EXERCISE DIRECTIONS.
Wherever a picture appears in the listing, leave it out, and copy the rest exactly.

RECORDED INFORMATION.
--- START ---

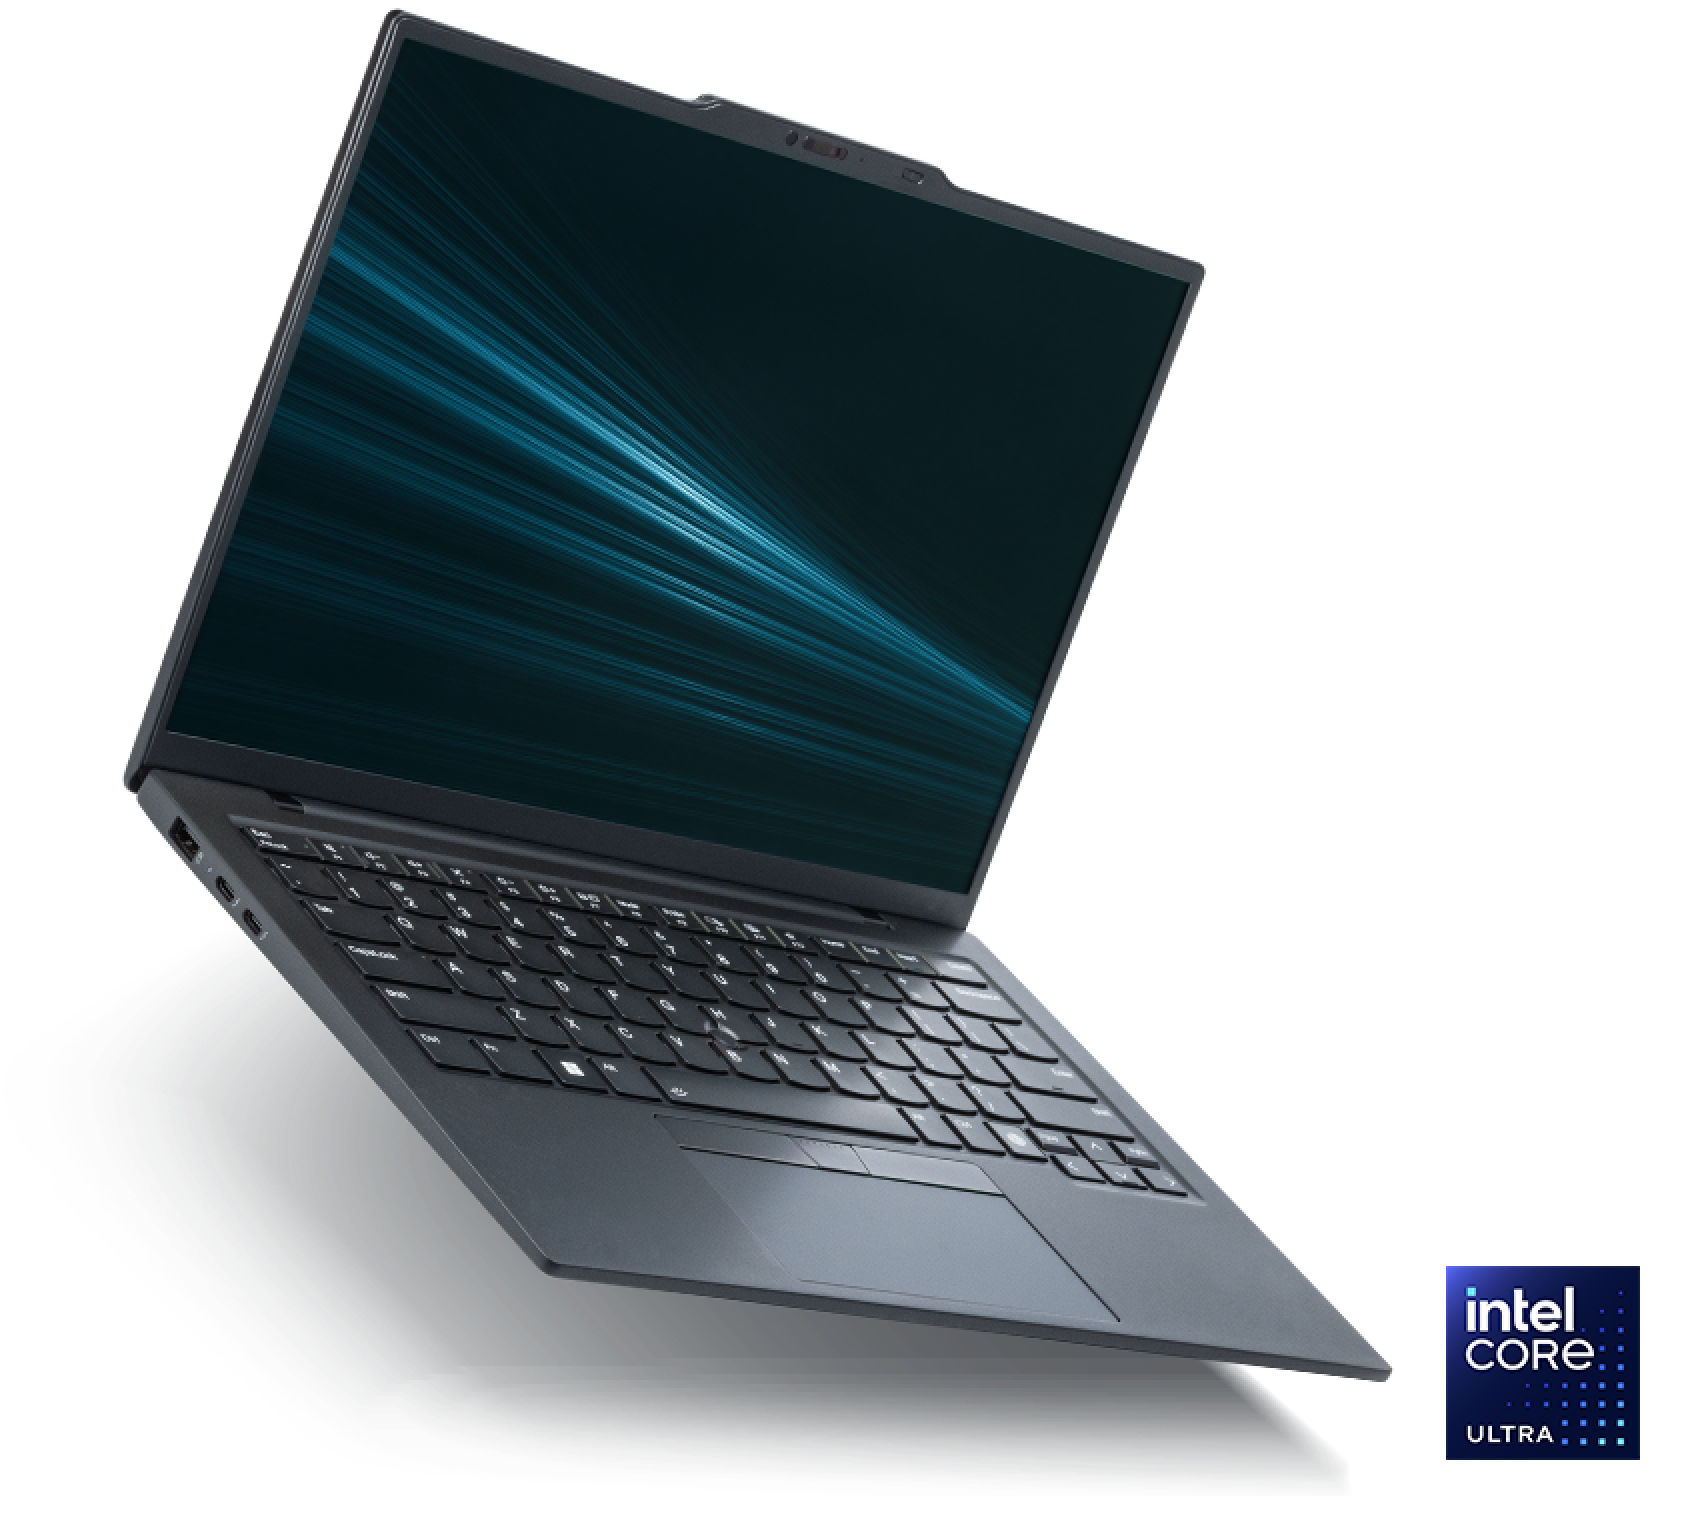 인텔 코어 Ultra 프로세서가 탑재된 인텔 Evo 에디션 노트북.
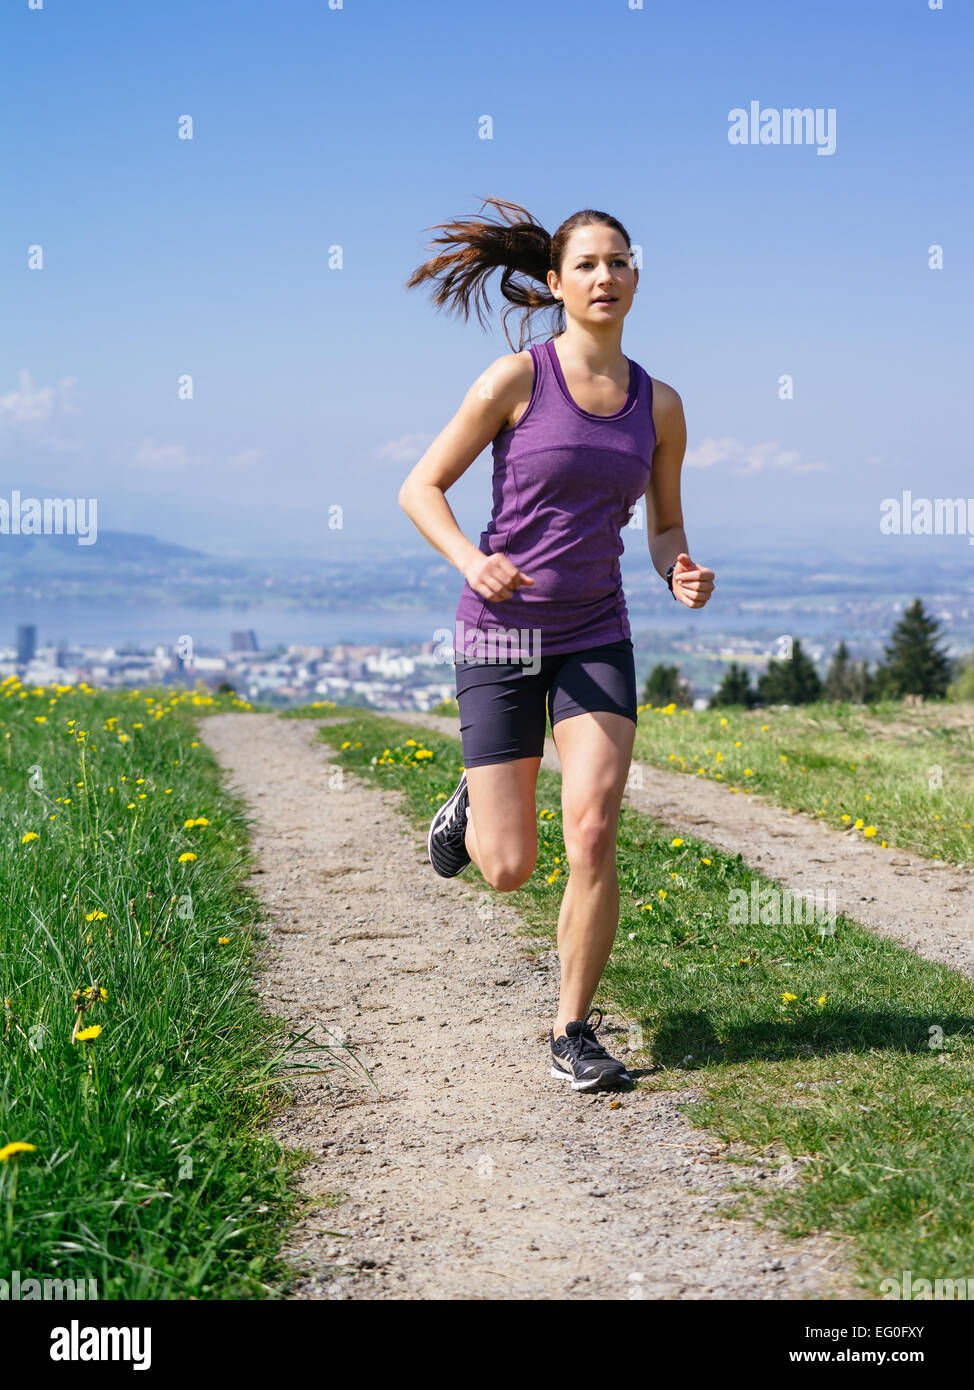 Foto di una giovane donna jogging ed esercitando su di un percorso di paese. Il lago e la città di distanza. Una leggera sfocatura visibile. Foto Stock
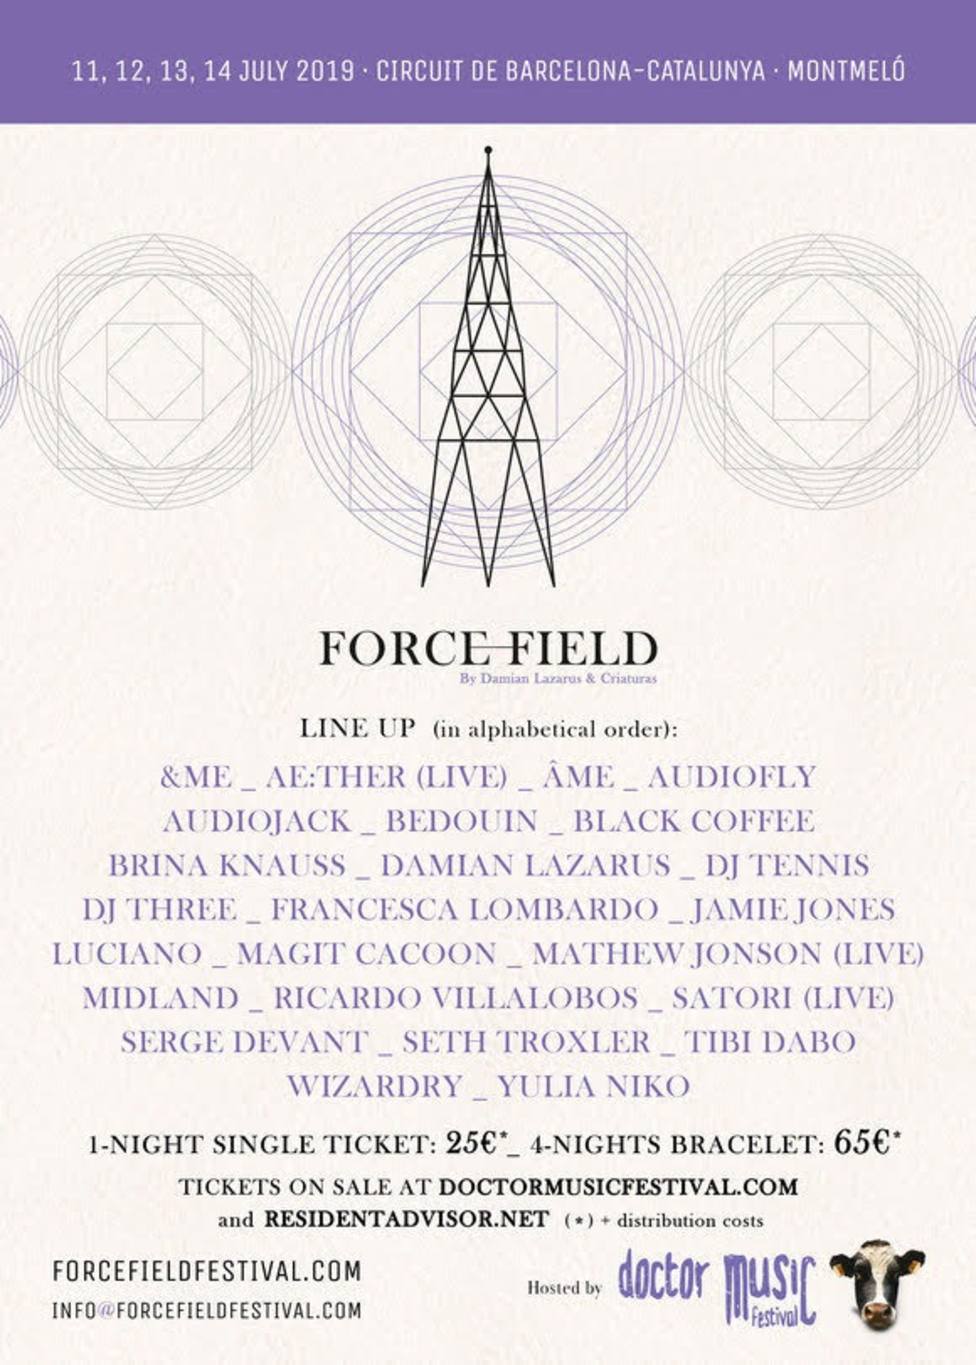 El Doctor Music Festival acogerá la propuesta electrónica de Damian Lazarus Force Field
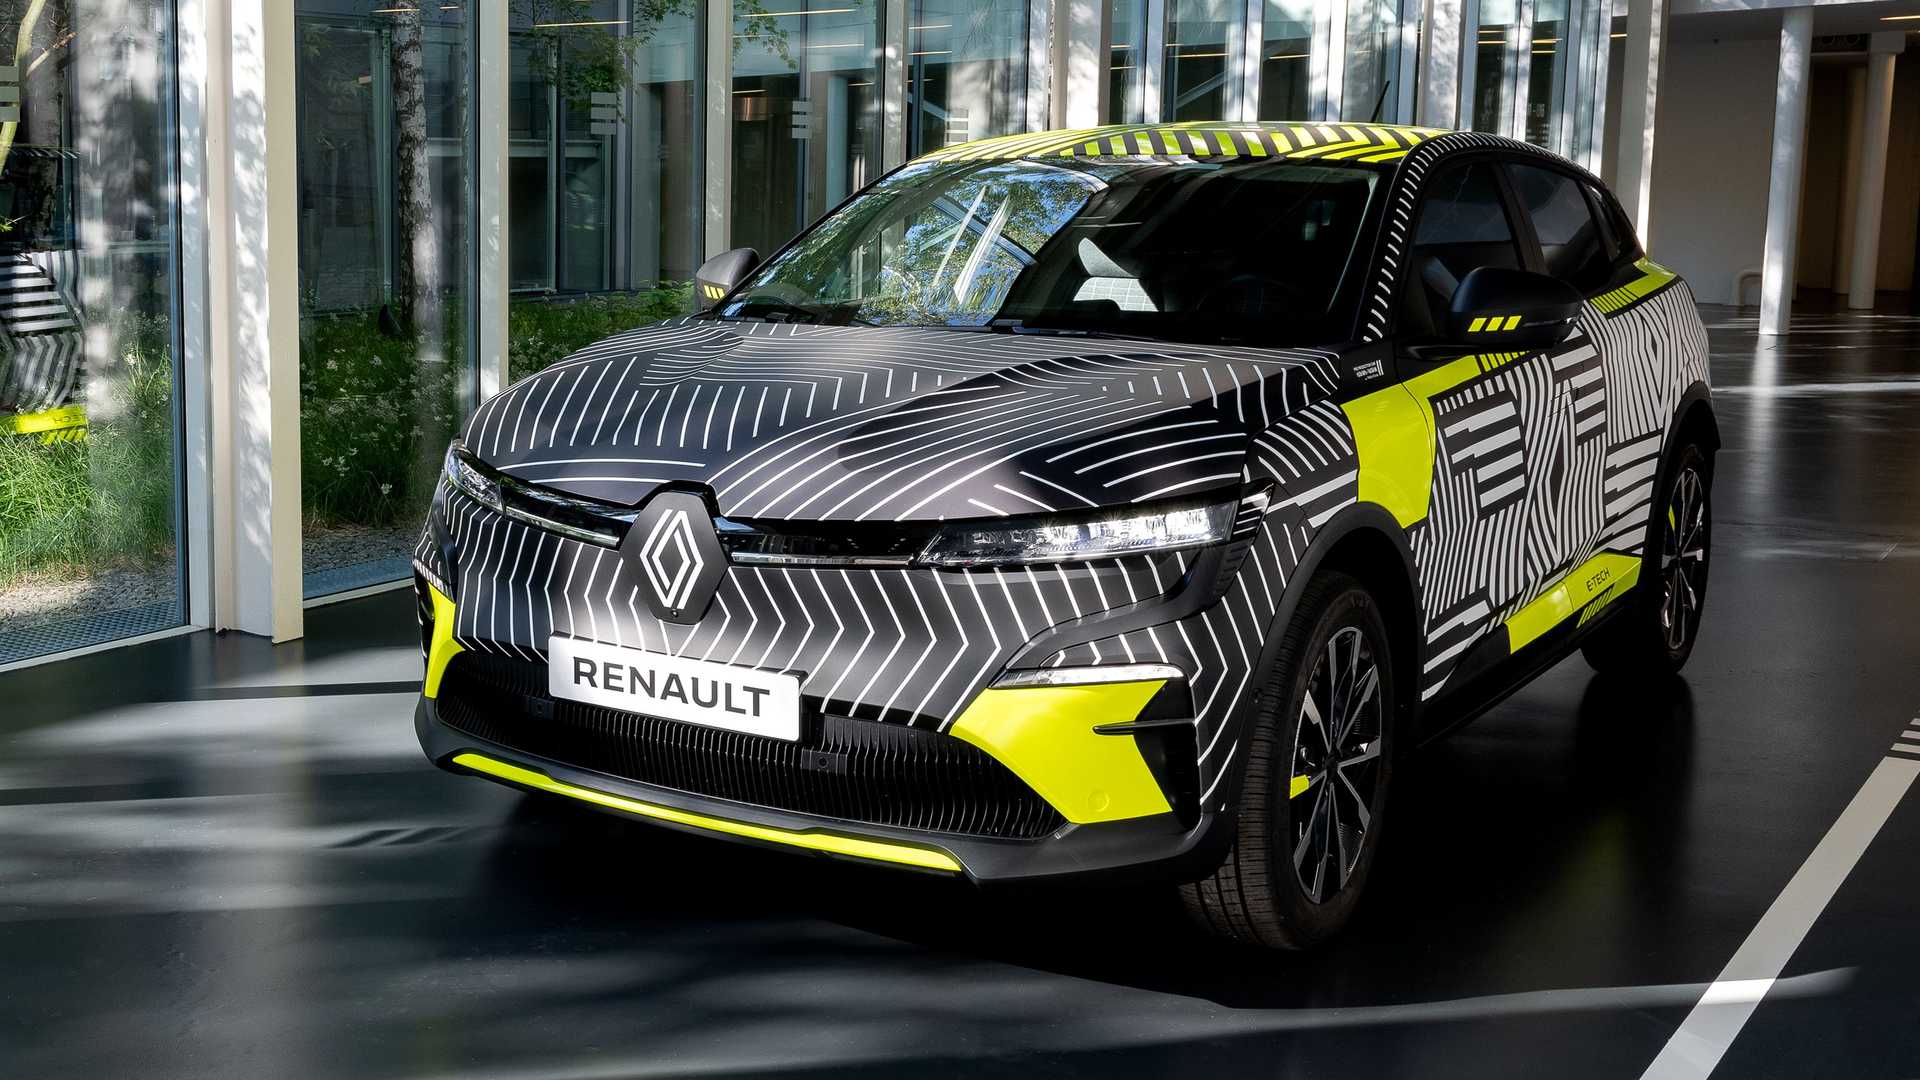 Oficjalna data premiery Renault Megane E-Tech Electric ujawniona

--- END ---

TASK RESPONSE.
 인텔 코어 Ultra 프로세서가 탑재된 인텔 Evo 에디션 노트북.
 Foto di una giovane donna jogging ed esercitando su di un percorso di paese. Il lago e la città di distanza. Una leggera sfocatura visibile. Foto Stock
 El Doctor Music Festival acogerá la propuesta electrónica de Damian Lazarus Force Field
 Oficjalna data premiery Renault Megane E-Tech Electric ujawniona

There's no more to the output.